As soon as humanly possible, I got away from those dirty hippies and went off to college. I found in the campus dining hall a spiritual home, one which, unlike my actual home, had 10 different varieties of cereal on tap at every meal. I spent my first semester at the University of Iowa face down in a bowl of two percent. Those were dark days. For the last five years, I’ve abstained for the sake of my pancreas. But when I heard about Melk, the new cereal bar on Washington Street in Iowa City, I knew I was ready to throw it all away in the name of journalism.

“Cereal bars” are the sort of food trend that can’t come to Iowa City fast enough, because they justify our collective decision not to move to New York when we had the chance. Who needs the big city when you can walk down Clinton Street and find both froyo and gourmet cupcakes? Melk, in particular, is purposefully urbane, with its minimalist menu, industrial décor and waiters wearing impractically small beanies. On the website, its proprietor instructs patrons to “come thru.” There doesn’t appear to be a cut-off age limit. Maybe touch up your roots first, just in case.
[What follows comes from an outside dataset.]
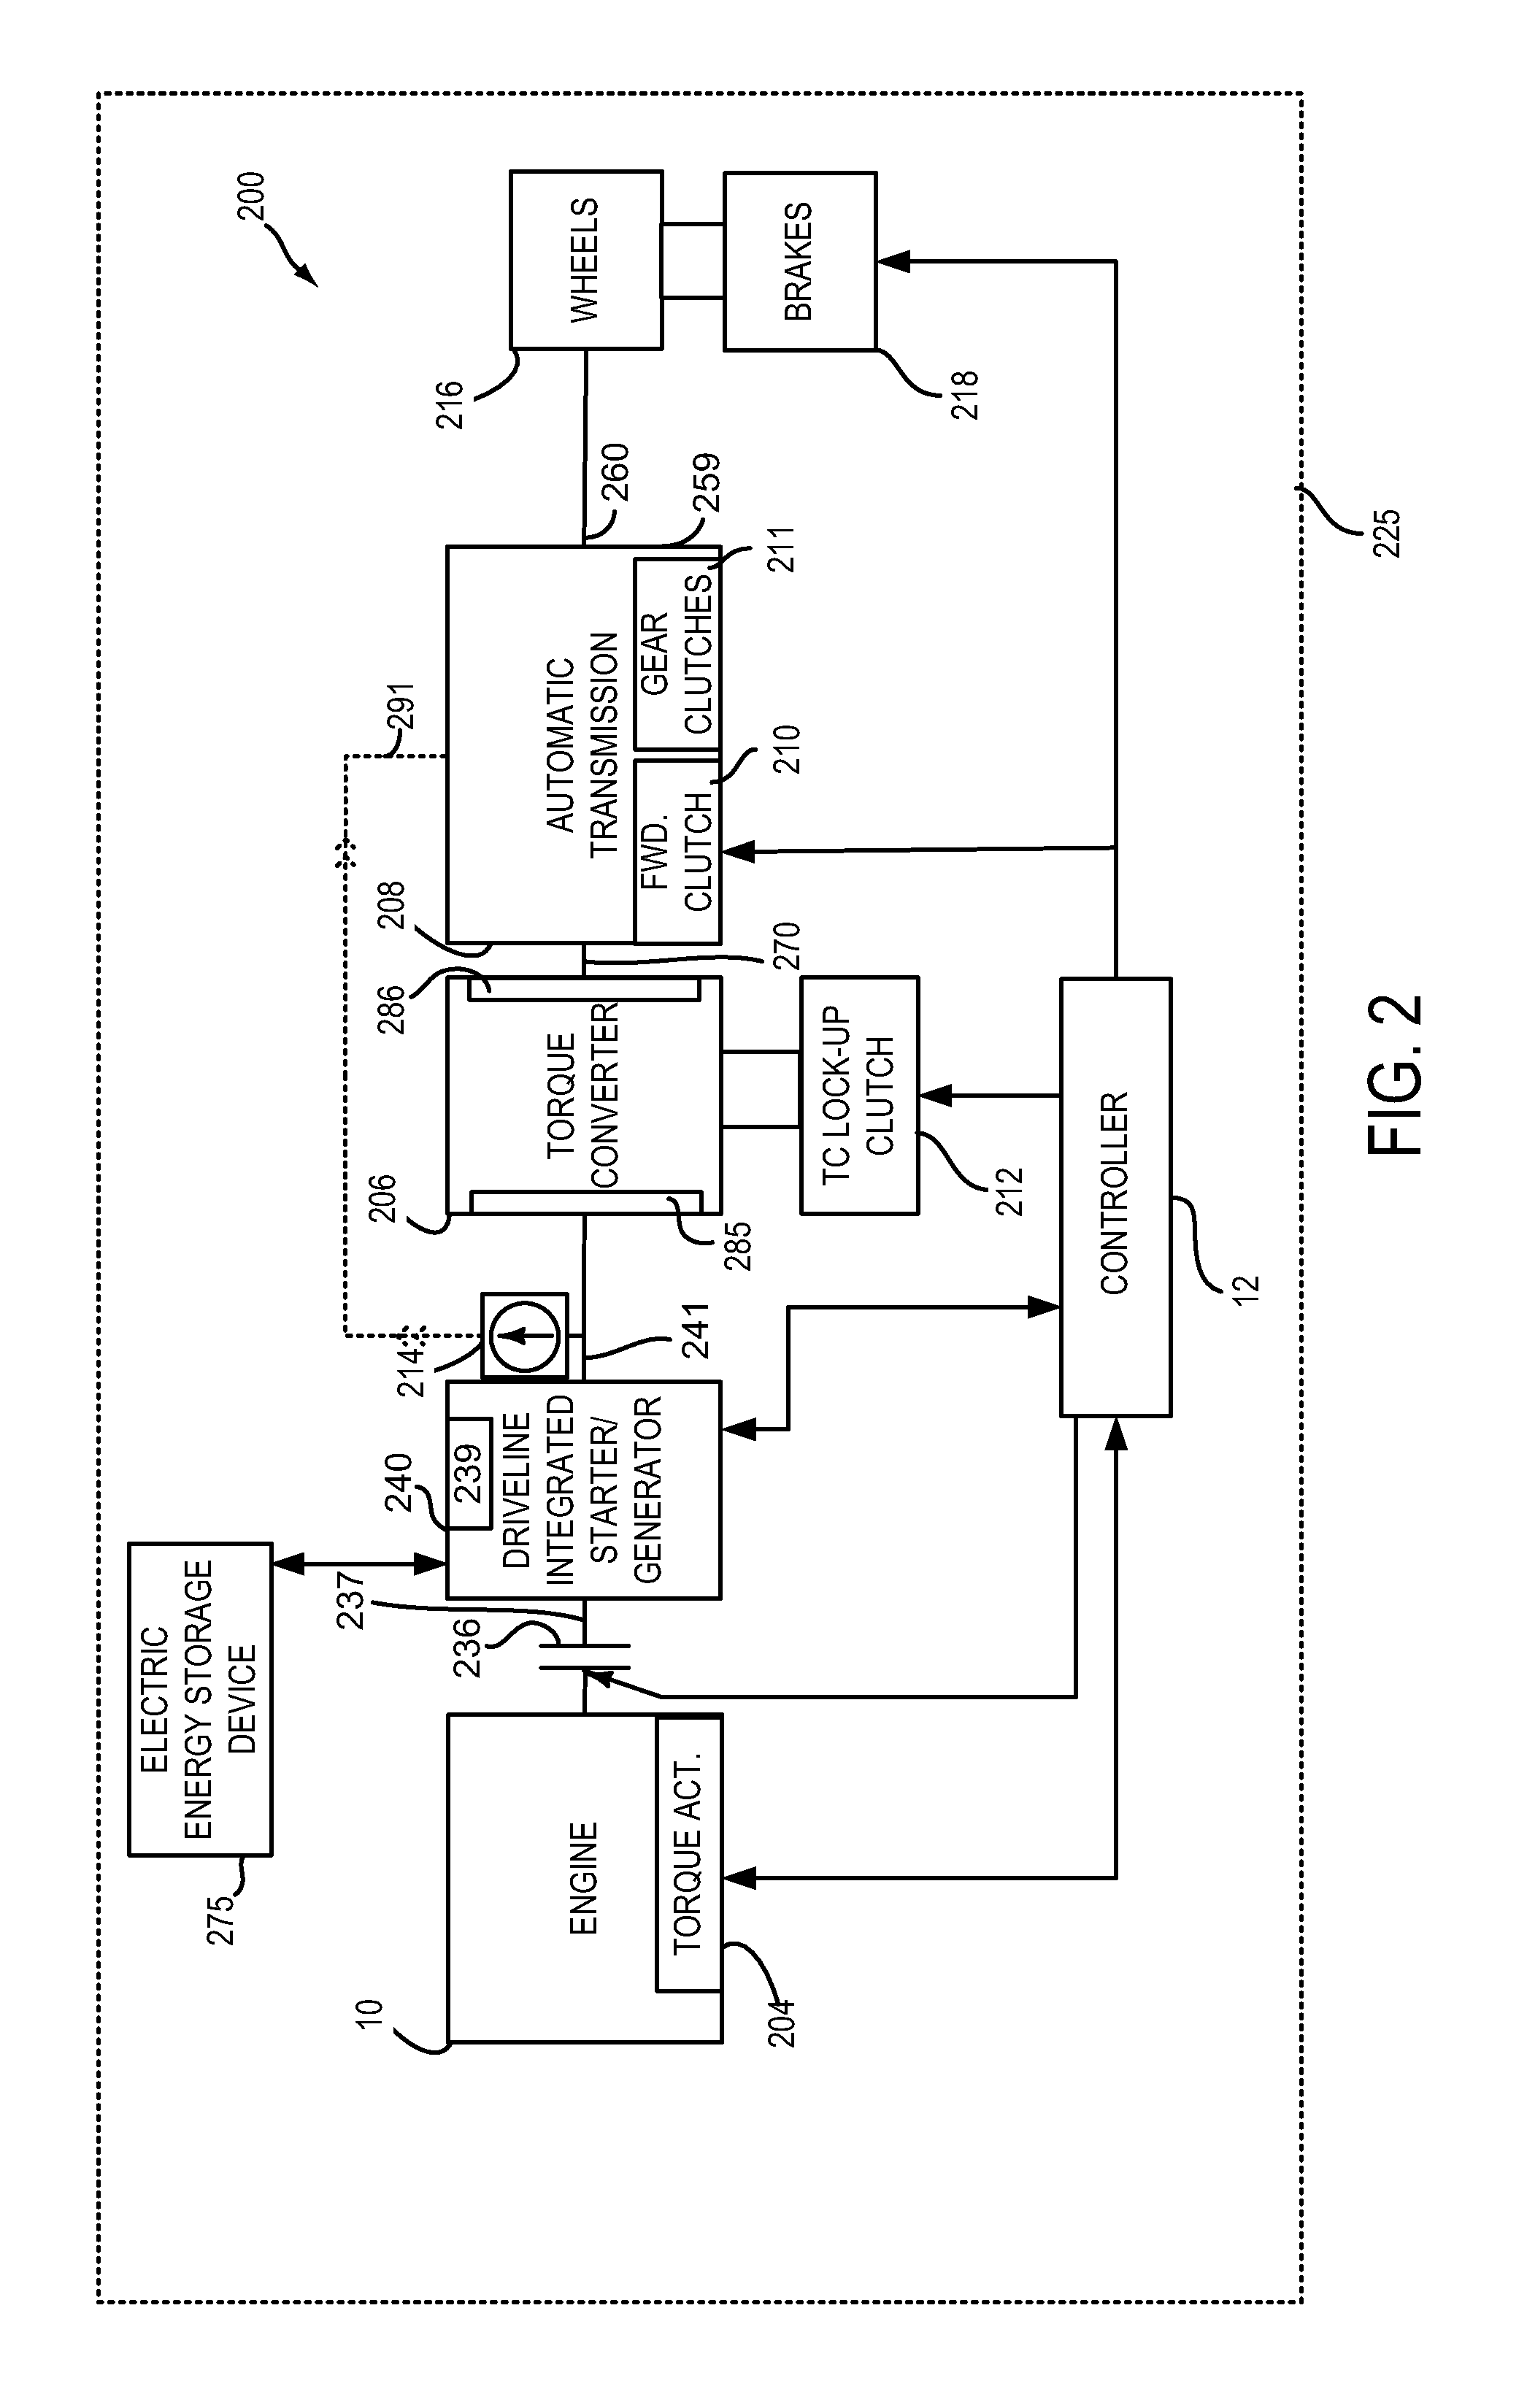 Methods and systems for improving hybrid vehicle gear shifting

Melk’s plentiful cereal wall. — Emma McClatchey/Little Village

While Melk does offer a variety of other breakfast and lunch options, its centerpiece is the enormous wall of cereal boxes behind the bar. They have everything from granny standbys like Honey Bunches of Oats to cereals so sugary it’s hard to believe they actually exist, like Sour Patch Kids. Those were tempting, but ultimately, I knew there was nothing to do but get back to my roots. You see, I grew up in Cedar Rapids, known to one and all as the City of Five Smells. Most of those smells emit from the Quaker Oats plant downtown, and while no one likes the stale, yeasty aroma of grain processing that hits you like a ton of bricks when you step outside in the morning, the plant has given us one gift: Crunch Berry day. The smell of artificial fruit flavors hangs so heavy in the air, you can practically see it. It’s the best part of growing up in Cedar Rapids.

So, I ordered a bowl of Crunch Berries. The first bite was bliss. It was like going home for Christmas and using the body spray you wore in middle school: terrifyingly sweet and reminiscent of beautiful, cringey memories. Immediately, I made plans to move into Melk, pitch a tent in the kitchen and eat nothing but breakfast cereal for the rest of my life.

The second bite instantly gave me a headache.

Like your first real hangover and bringing earplugs to a concert, getting too old for cereal is one of those aging milestones that happens a lot sooner than you’d think.